Materials and Methods
This was a prospective cohort study of 87 pregnancies at risk for IUGR seen at the Medical University of South Carolina between March 2009 and January 2011. Pregnant women were referred after 28 weeks of gestation based on a clinical finding of size less than the dates or a maternal history of a condition known to influence fetal growth such as chronic hypertension, smoking, diabetes, uterine fibroids, autoimmune disease, or renal disease.
Eligibility criteria were a singleton pregnancy without major fetal anomalies or known chromosomal abnormality, gestational age of 28-40 weeks, and reliable gestational dating consisting of a first-trimester crown to rump length or a last menstrual period confirmed (± 10 days) by an ultrasound performed prior to 20 weeks’ gestation. Neonates born at less than 28 weeks of gestation were not included secondary to possible bias because of extreme prematurity and the inability to perform timely testing of the neonatal body composition.
The patients were recruited from a single tertiary care, prenatal diagnosis center. Institutional review board approval was obtained for the study.
Biometry measurements including the biparietal diameter (BPD), head circumference (HC), AC, and femur length (FL) were assessed for each fetus. The EFW was obtained by Hadlock’s formula (log 10 [EFW] = 1.3596 + 0.0064 [HC] + 0.0424 [AC] + 0.174 [FL] + 0.00061 [BPD × AC] – 0.00386 [AC × FL]). The overall EFW percentile was computed according to William’s tables, which are derived from a large population-based study referencing birthweight percentiles by gestational age and sex.
The subjects were assigned to 1 of 3 groups: (1) EFW less than the 10th percentile, (2) EFW greater than the 10th percentile but AC less than the fifth percentile, and (3) EFW greater than the 10th percentile and AC greater than the fifth percentile (normal controls).

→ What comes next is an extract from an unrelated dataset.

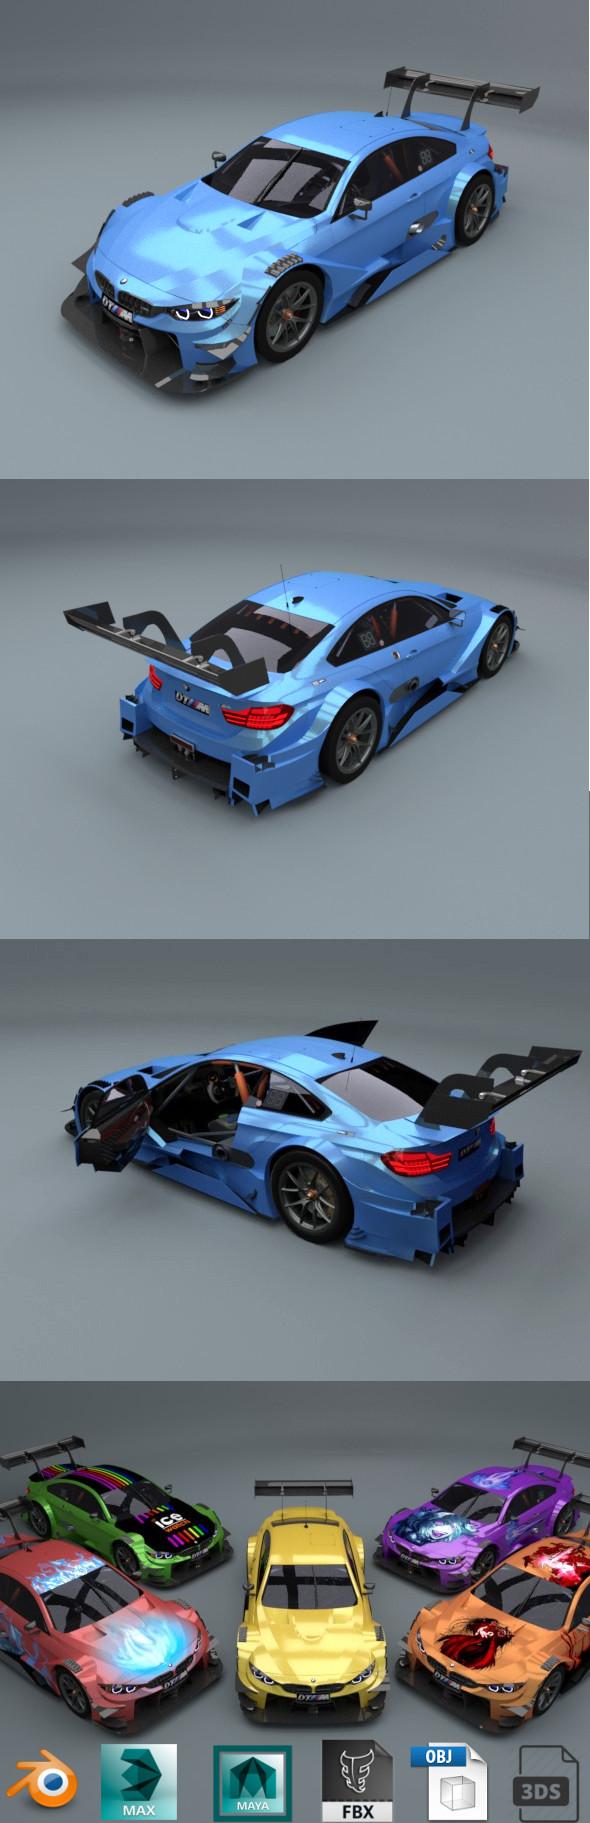 bmw m4 dtm 2017 low poly car - 3DOcean Item for Sale

Participants in the study were followed up clinically with serial ultrasound assessments of fetal growth for the duration of pregnancy at intervals that varied between 2 and 4 weeks. These ultrasounds were conducted in accordance with the routine management of these high-risk pregnancies. All of the infants in this study analysis had normal umbilical artery Dopplers (S/D ratio) on ultrasound examination based on a referenced gestational age normogram.
The assignment into 1 of the 3 groups was based on the last ultrasound examination prior to delivery, which in no case was more than 3 weeks prior to birth, and the mean time between last ultrasound and delivery was 12 ± 10 days. If abnormal umbilical artery Dopplers developed, this was believed to confirm that a pathologic uteroplacental condition existed and the patient was excluded from analysis.
All deliveries took place at Medical University of South Carolina under the supervision of the Maternal-Fetal Medicine Division. Within 7 days after birth, a neonatal body composition measurement for %BF was performed using air-displacement plethysmography (ADP; PEA POD, Life Measurement, Inc, Concord, CA) ( Figure ). For this assessment, the infant was weighed without clothes and placed in a warm incubator-type chamber. The ADP system assesses a volume measurement to calculate density. Body composition data including weight, body volume, %BF, and lean mass were calculated by the computer system and printed out for each infant.